My nails long and jagged from being shottily cut 2 months prior rip through the skin on my thighs, pinking the skin then stinging.. then feeling wet.. not with blood, but whatever it is that yellows a scar to a crusted scab when it does.. and then stinging.
Next door i can hear my ’sister’ singing off key and the television way too loud in my dad’s room. My mom is in her room probably sleeping underneath a book she’s tired of reading. I’m face deep in a pillow screaming with a scar across my cheek fresh enough to attach itself to the sheets if I stick around for too long. I’m tired of hearing the same old song but she’ll keep going until the phone rings.
I drink 8 oz of rum, pop a few pain killers, a few sleeping pills, and some zoloft before walking myself backwards up the wall; my bare feet pulling the bed sheet right off and my neck against the ‘hate’ piece covering the holes I had punched through the walls over the years. I smash my head against the wood panel but nobody hears. I do it over. and over. hoping for brain damage, hoping for a forgetful wake up into 1992 before this all came to an explosive crumble. We applauded ourselves so goddamn much that the avalanche was bound to come tumbling down.
I yell and hear echoes,
never a response.
I am not you and for that i am grateful.
You are not me and should never wish for it.

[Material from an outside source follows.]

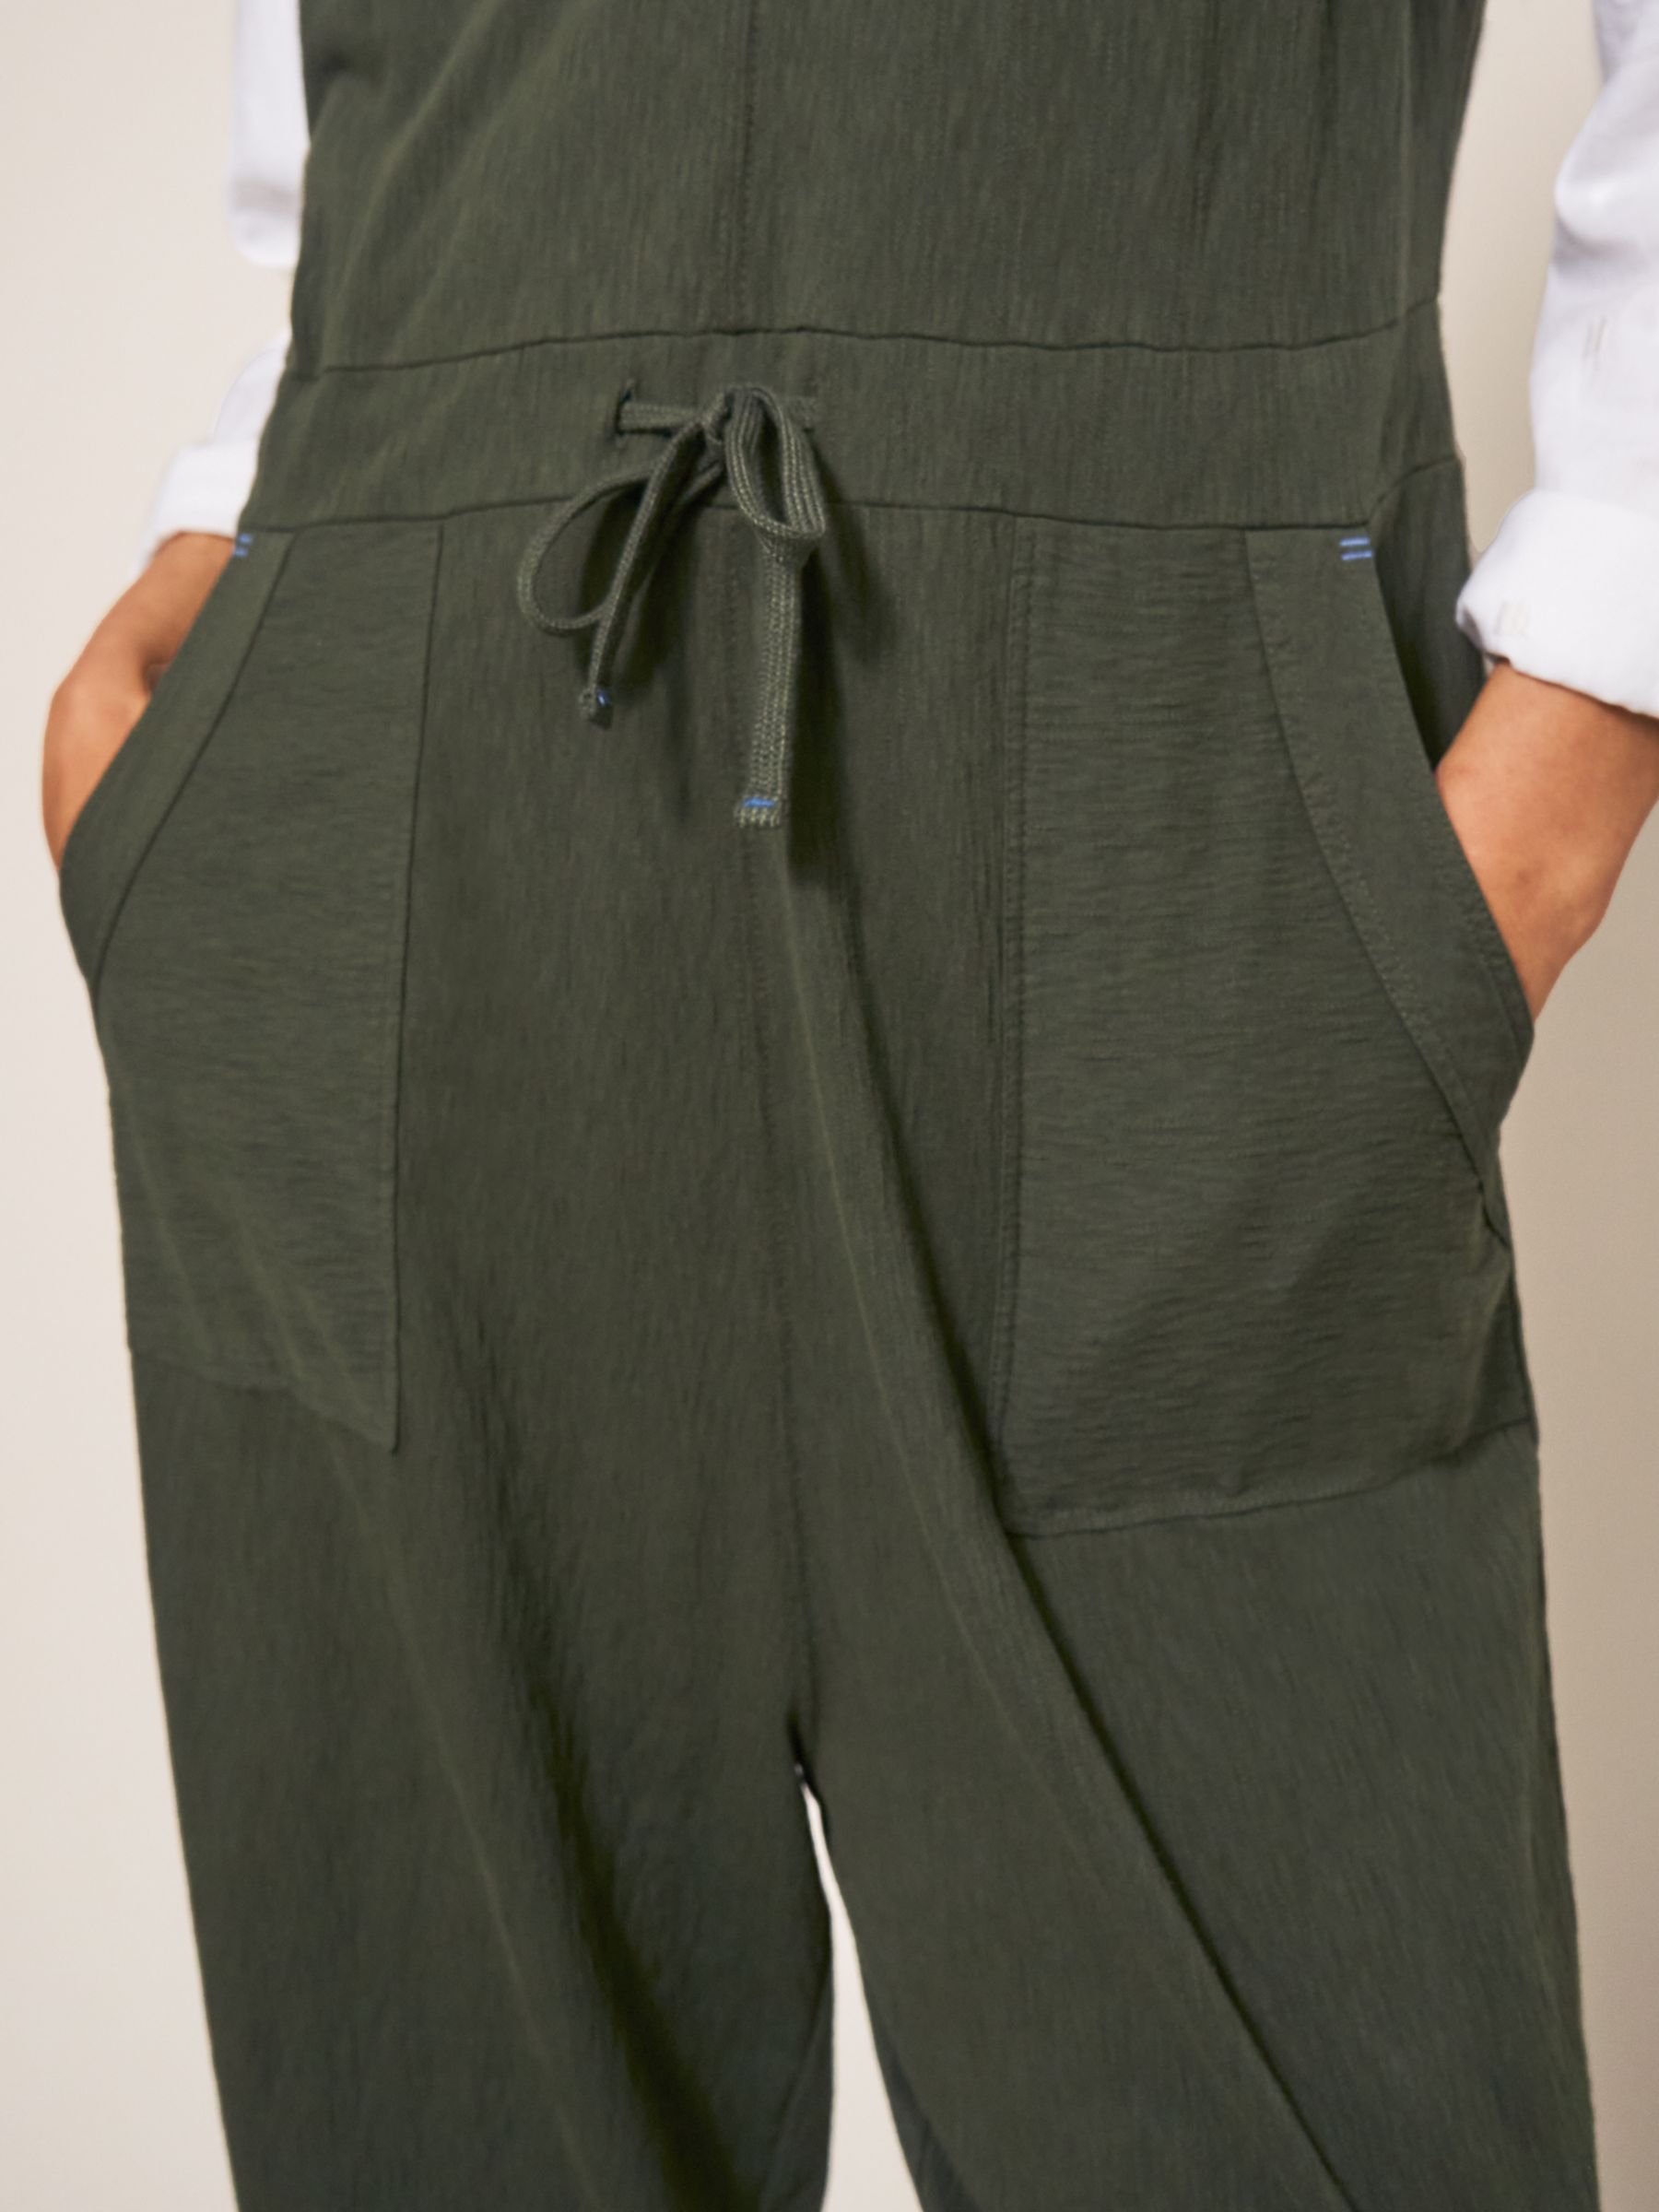 Buy White Stuff Viola Linen Dungarees from the Next UK online shop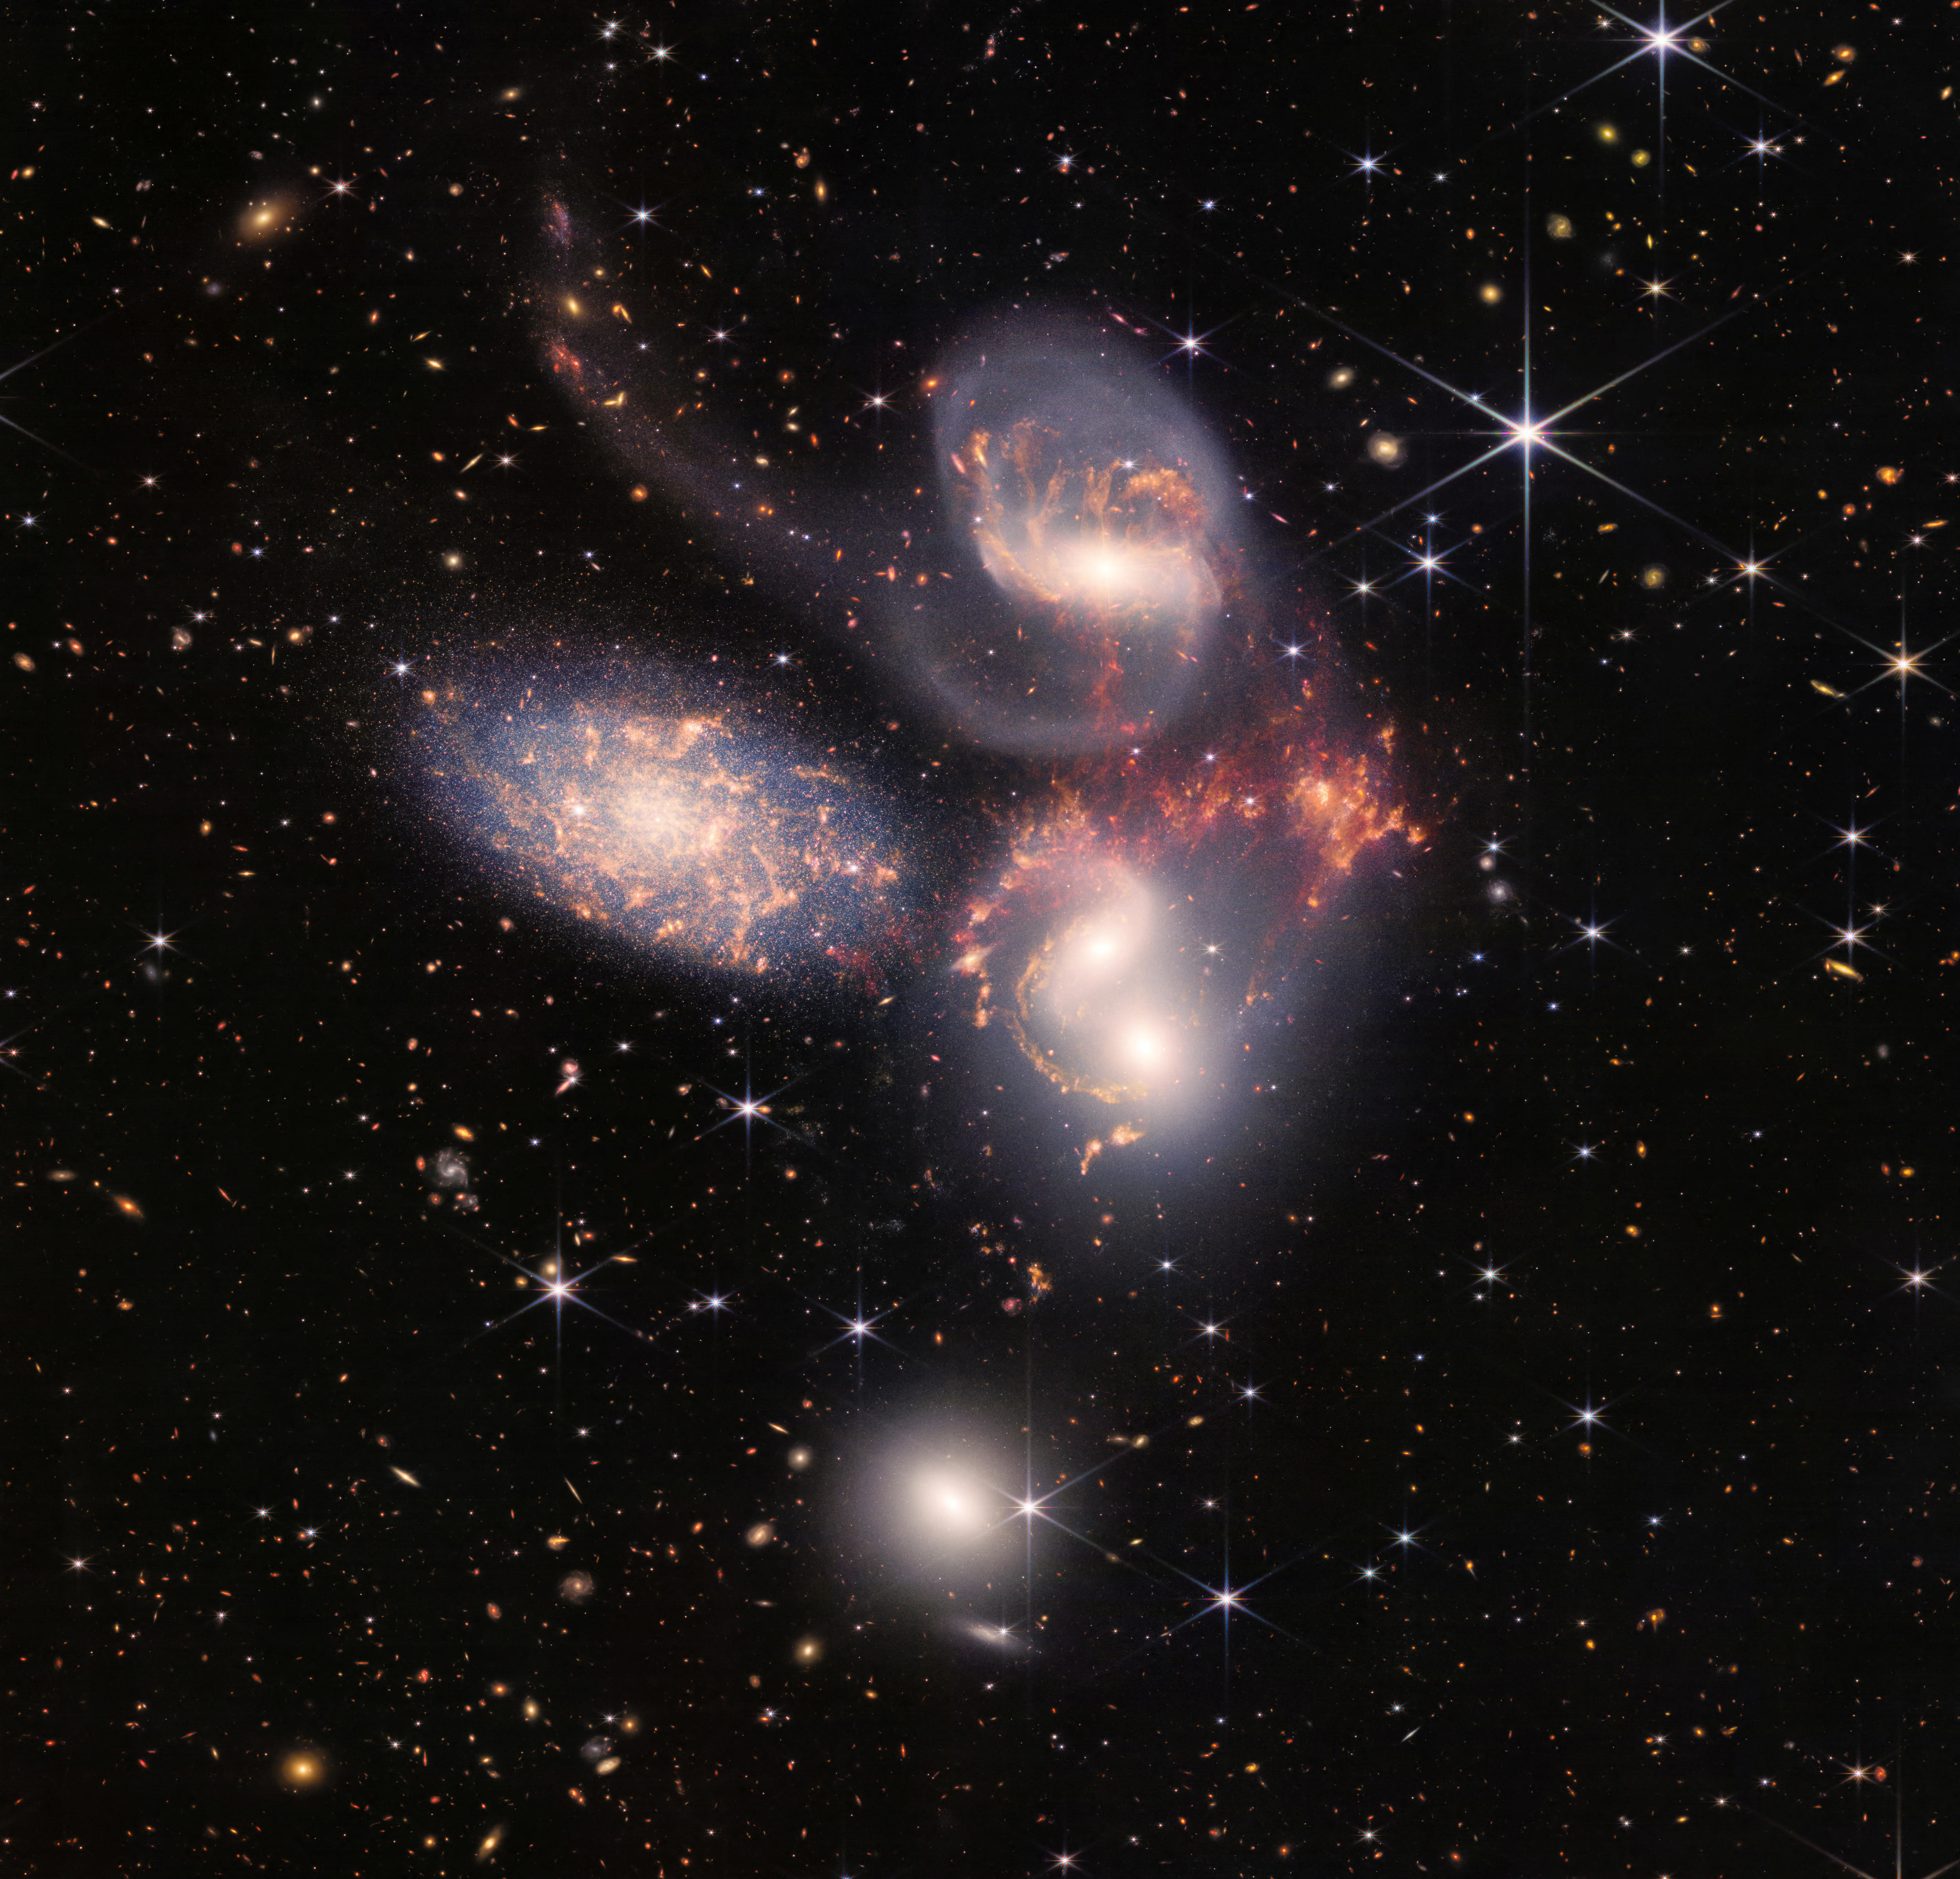 A group of five galaxies that appear close to each other in the sky

In my closet is the skeleton for success – a writing inside the inside panel of the sliding door that used to be there, scribed the crying, lying with a lampshade, a life of hiding from a man who never made me learn how to become a man.
Hate and love are so close they cuddle.
As I die to go to sleep, screamed in sheets, what I breathe just muffles and I hear my dad react to something funny that Howie Mandel just said. I prop my head up, now on my stomach going sideways along the bed like kanye, me, and my boy thomas know how to fit 3 by the head and 3 by the leg. The sheet tangles my left ankle and I’m at such an angle that if i try to kick it off it’d probably get worse. Now I’m searching for the plastic 10-12oz cup with the flowers on it that’s half full once again with something that’s about to make me feel like daisies.
(In this age, the pot is broken and hip-hop is dead. So they say. In reality I was raised not on it, but by it. Given my own biases I drove past the bullshit quick and became a listener.)
Again, I hear, ’sister’ but now she yells my name, followed by, “Phone”.
I clear my throat and answer it..
“hello?”
You talk so much about yourself that you barely notice I’ve put a wire hanger in the bottom of my eyelid and am pulling until this yanking dream stops keeping my eyes glued closed.
deep.
deep.
deep breath through the nose.
Now wipe that pain off your face fucker, it’s just about time for the show.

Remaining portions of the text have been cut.